0

I have an arbitrary set of vertexes in 2D space. I'd like to generate edges nearly randomly between these vertexes such that the following three conditions hold true:

  1. Every vertex has at least one edge.
  2. No two edges intersect each other, except possibly at a common vertex.
  3. No new vertexes need to be added beyond the initial set.

I can't quite figure out how to solve this, in general. I originally tried to forcibly structure my vertexes into neat columns (though with arbitrary vertical spacing between vertexes in the same column), and then form the edges one column at a time, with vertexes only connecting to ones in the next column. I thought I'd be able to then check if a vertex higher up in the current row connects to a vertex lower down in the next row and, if so, prevent any edges that meet that condition. (In other words, if V[j,k] is "the k'th vertex from the top of column j", then I would prevent any edges between V[j,k1] and V[j+1,k2] if there exists an edge between any vertex V[j,k3] and V[j+1,k4], where k4>k2 and k3<k1.)

But it didn't seem to work, and even worse, it left some vertexes without any edges. How can I make this work out? (If possible, without that forced column structure at all; I'd like this to work on as general a set of vertexes as possible.)

IceMetalPunk
  • 5,476
  • 3
  • 19
  • 26
  • Is there a problem with picking two random vertices, [determining if the line segment formed causes an intersection with *any* existing edges in your edge set](https://stackoverflow.com/a/9997374/6454387), and adding the edge to your edge set if doesn't create an intersection? – ljeabmreosn Dec 21 '18 at 20:49
  • Maybe?
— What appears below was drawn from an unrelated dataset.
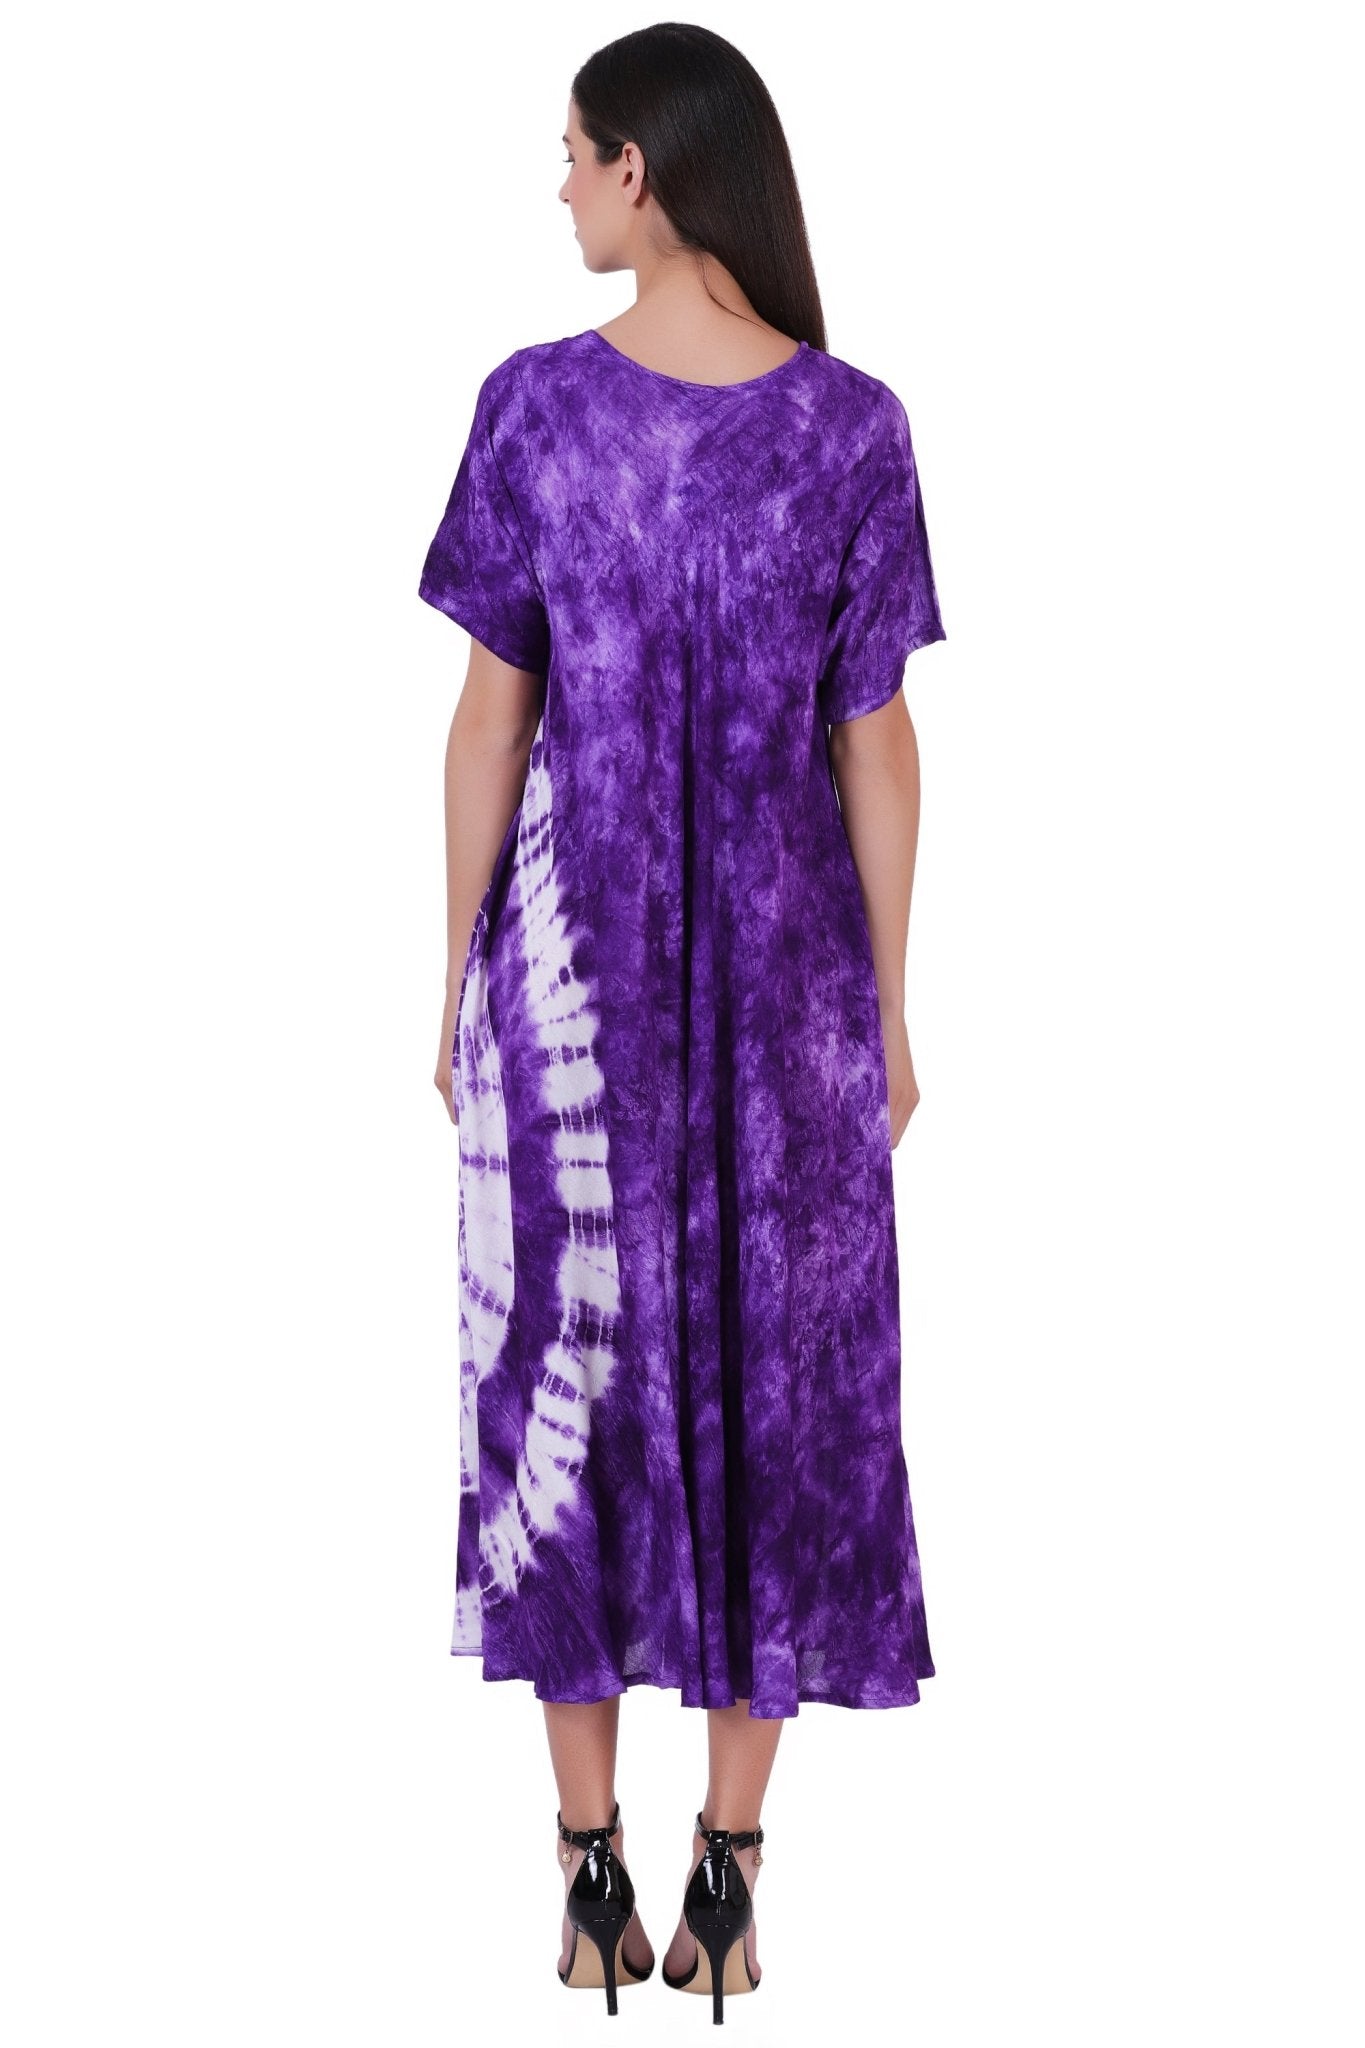 Capri Long Length Tie Dye Dress w/ Sleeves 522101 - Advance Apparels Inc

Related to restriction 1: every vertex must have at least 1 edge. Picking points at random and then possibly not adding the edge between them (in case they intersect another edge) means that, given restriction 1, this algorithm would be possibly unbounded, right? I'd like to avoid the possibility of a frozen application :) *EDIT* Although this gives me an idea... I can iterate through the vertexes and, for each, shuffle a list of all other vertexes and iterate through those until one has no intersection... is that guaranteed to satisfy condition 1? I'm not sure... – IceMetalPunk Dec 21 '18 at 20:51
  • Yes, that is true. How about enumerating all `O(n^2)` pairs of vertices in a random order? *EDIT*: I believe that is guaranteed to satisfy condition 1. In the worst case, the resulting graph would result in a [star](https://en.wikipedia.org/wiki/Star_(graph_theory)) components which is always possible to construct without intersections. – ljeabmreosn Dec 21 '18 at 20:54
  • The articles about [Voronoi diagrams](https://en.wikipedia.org/wiki/Voronoi_diagram) and [Delaunay_triangulation](https://en.wikipedia.org/wiki/Delaunay_triangulation) may help you get started. I've solved this problem for a graph with 50-100 vertices, but it's too much code to share here. My code computed the Voronoi diagram. It then added all valid edges. A valid edge is any edge that connects two vertices while staying in the areas controlled by those vertices. This is guaranteed to connect the graph. Then you can reduce clutter by removing edges without disconnecting the graph. – user3386109 Dec 21 '18 at 21:58
  • This is the known as the 'non-crossing matching problem'. – micycle Jun 08 '22 at 15:15

2 Answers2

2

Attack this from a viewpoint of polar coordinates and interval operations. Make a list of your unconnected vertices; apply a random shuffle.

For each unconnected point P:

  • Make a list of all points "visible" from P: those that are not blocked by an edge (see below).
  • Choose a "visible" point Q at random; add edge PQ to the graph

To determine whether a point is "visible" can be tedious, but the search space can be greatly improved in practice.

  • Translate all of the coordinates such that P is the origin.
  • Compute the polar coordinates (r, theta) of each other point.
  • For each edge AB, the range of angles (A.theta, B.theta) with wraparound at angle (0, 2*pi) describes a pie-slice of space with its vertex at P. Trivially, any point C in that slice is invisible if C.r > max(A.r, B.r) -- if it's farther from P than either endpoint. Similarly, if it's closer than either endpoint, it's still under consideration. Going through this for each point C should seriously reduce your list of candidates.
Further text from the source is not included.